- [Exercise goal] Print out the data below in full and exactly, skipping the pictures.

- [Dataset content]

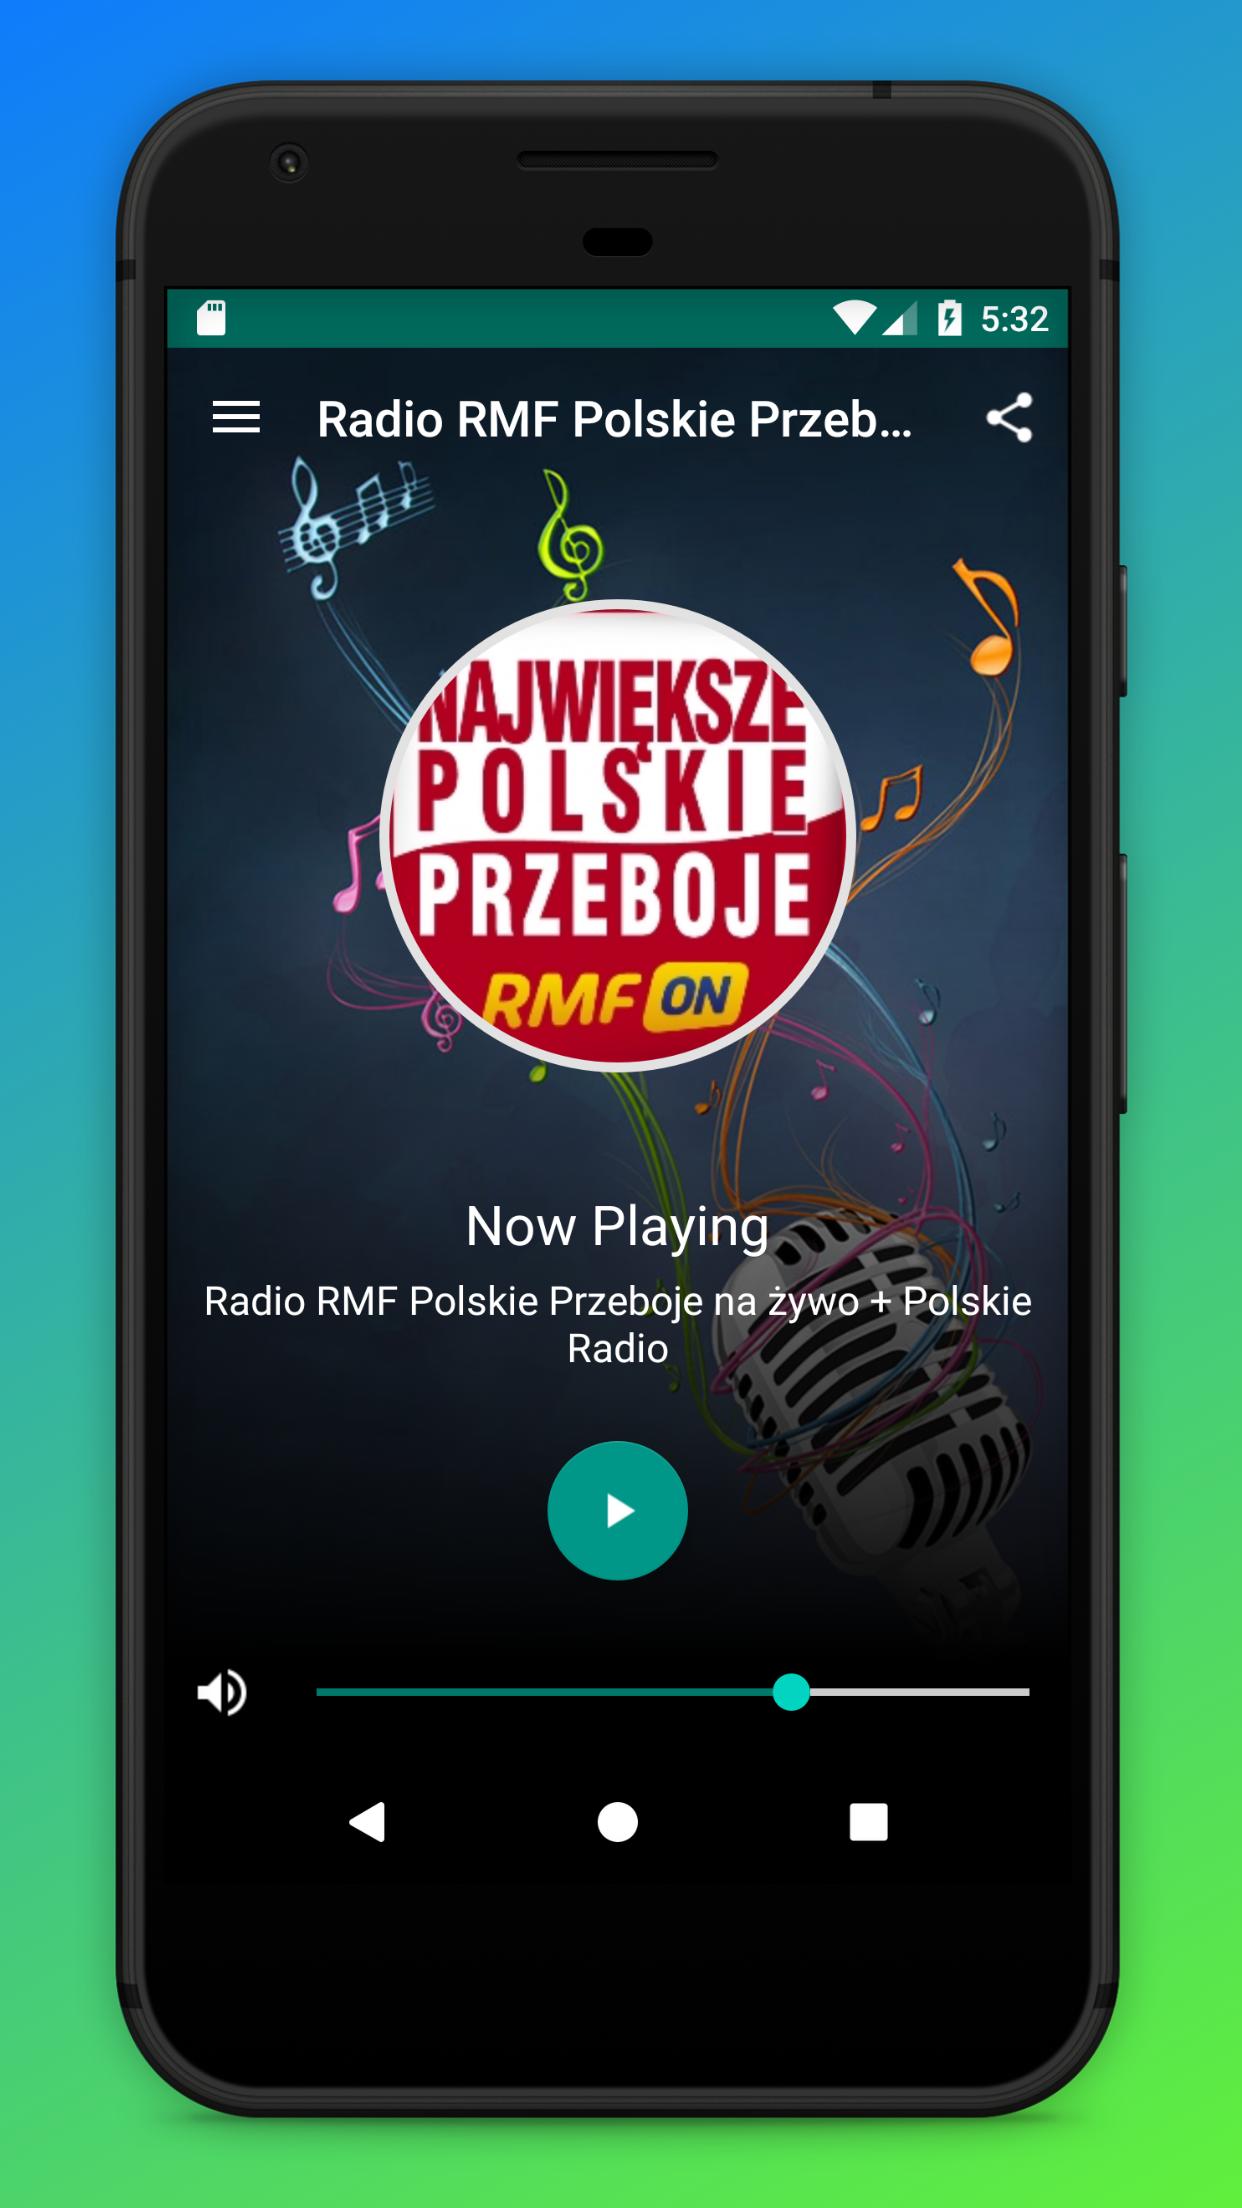 Radio RMF Polskie Przeboje na żywo + Polskie Radio for Android - APK  Download
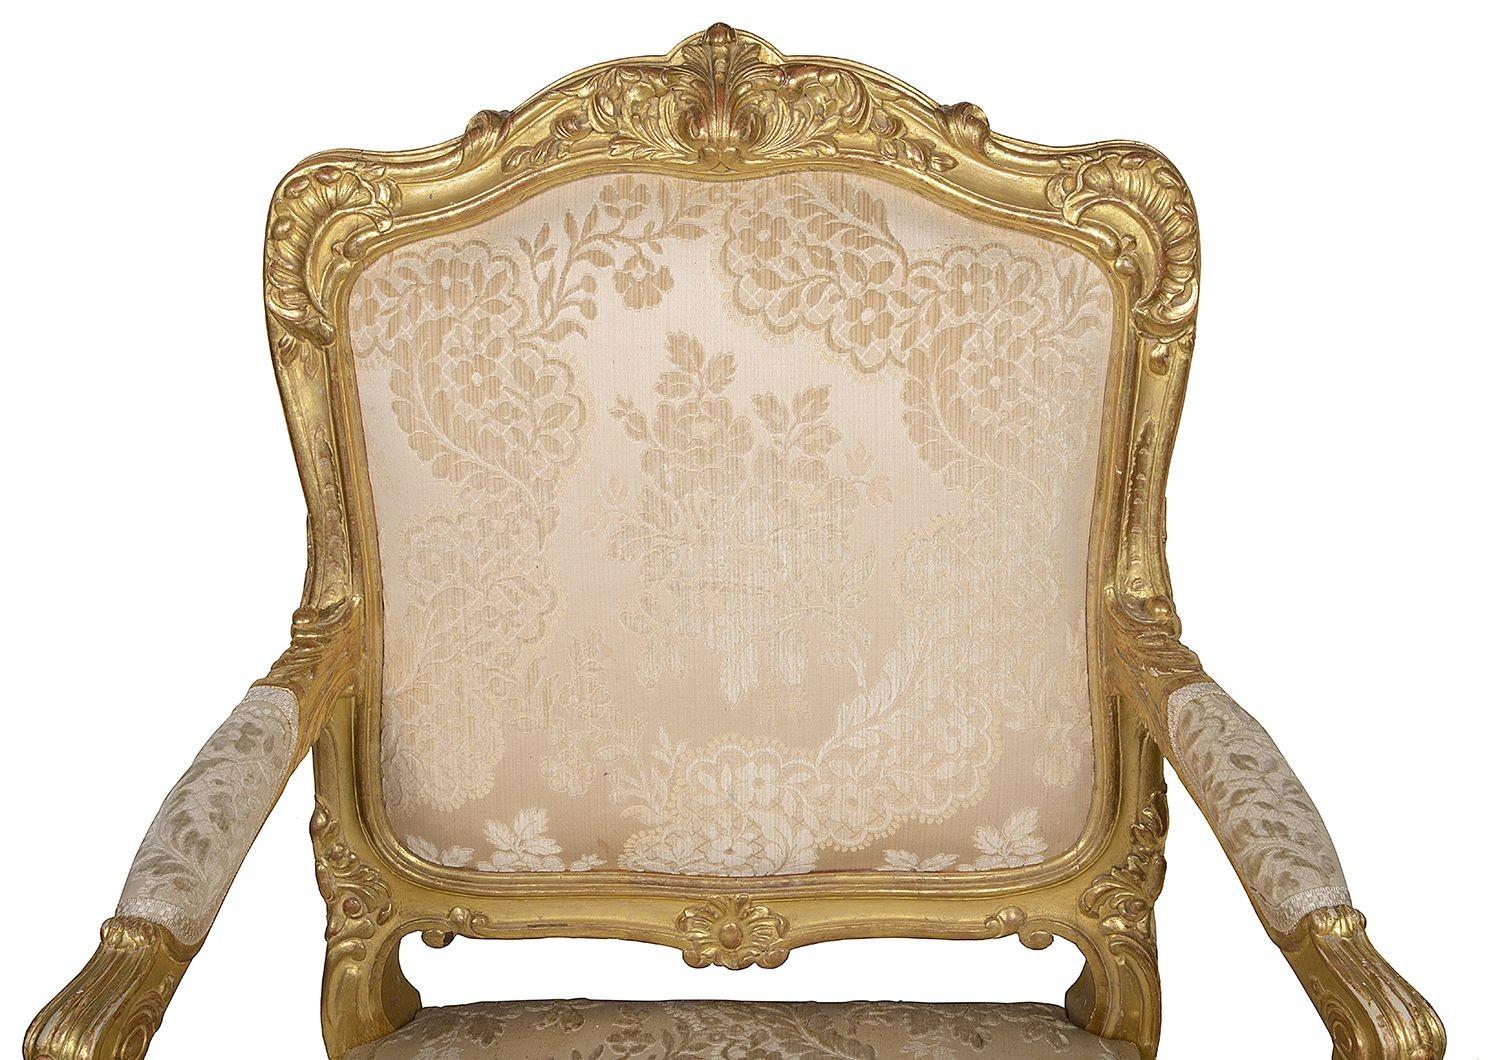 Ein sehr gutes Paar französischer Salonsessel aus geschnitztem Goldholz des späten 19. Jahrhunderts. Jedes mit wunderschönem, blattförmigem Dekor am Schauholzrahmen, gepolstertem Sitz, Rücken und Armlehnen. Auf eleganten geschnitzten Cabriole-Beinen
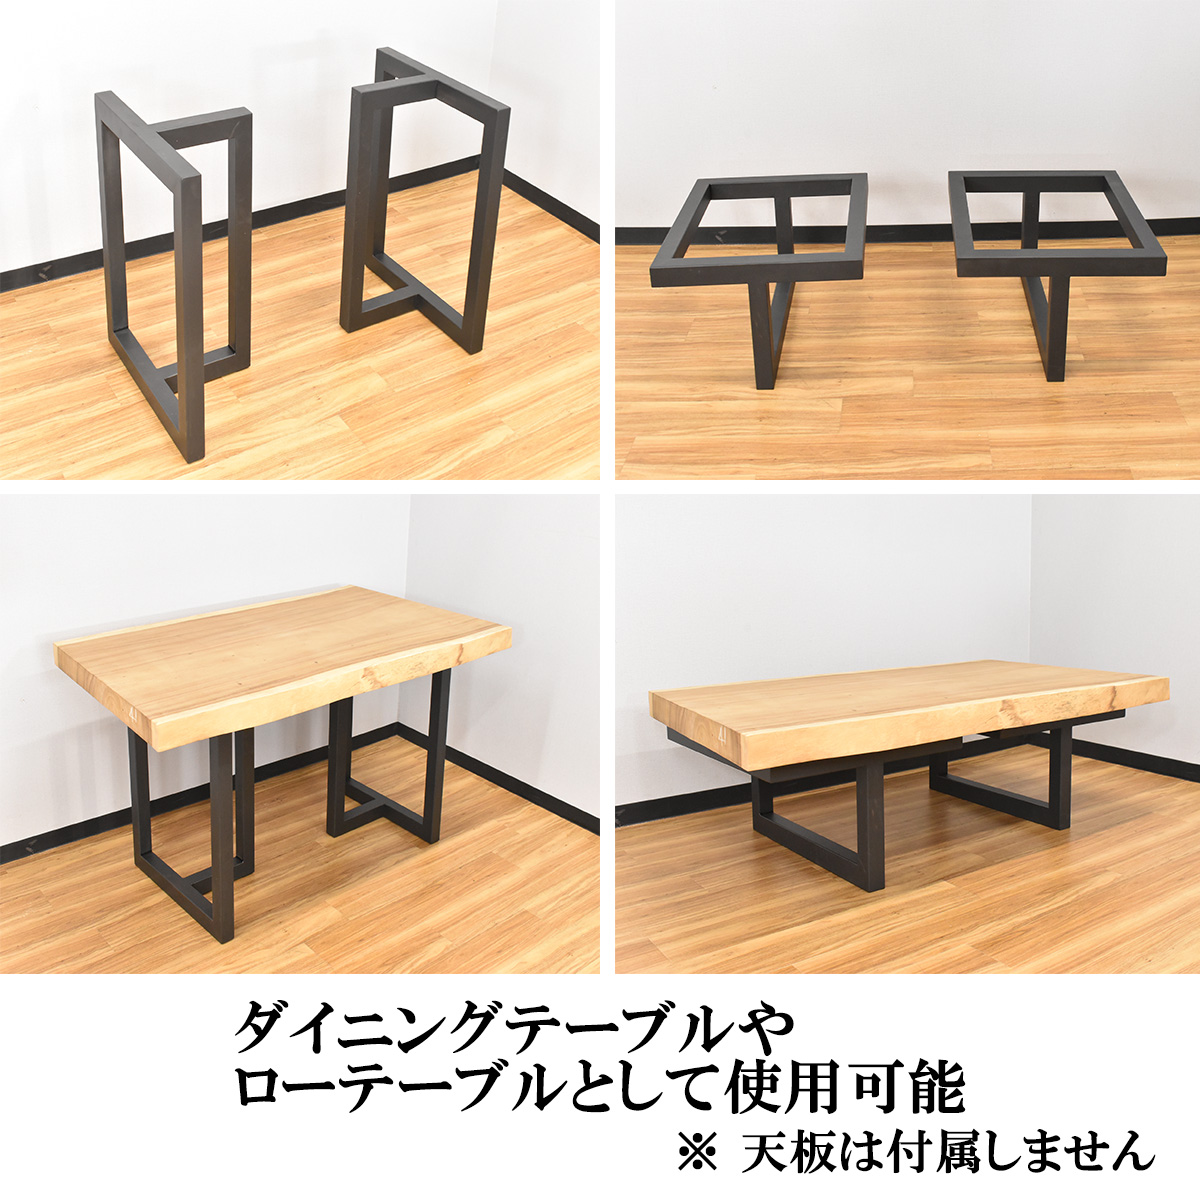 楽天市場ダイニングテーブル用脚 高耐荷重 テーブル天板用 一枚板用

- [Solution below]
 Radio RMF Polskie Przeboje na żywo + Polskie Radio for Android - APK  Download
 Ein sehr gutes Paar französischer Salonsessel aus geschnitztem Goldholz des späten 19. Jahrhunderts. Jedes mit wunderschönem, blattförmigem Dekor am Schauholzrahmen, gepolstertem Sitz, Rücken und Armlehnen. Auf eleganten geschnitzten Cabriole-Beinen
 楽天市場ダイニングテーブル用脚 高耐荷重 テーブル天板用 一枚板用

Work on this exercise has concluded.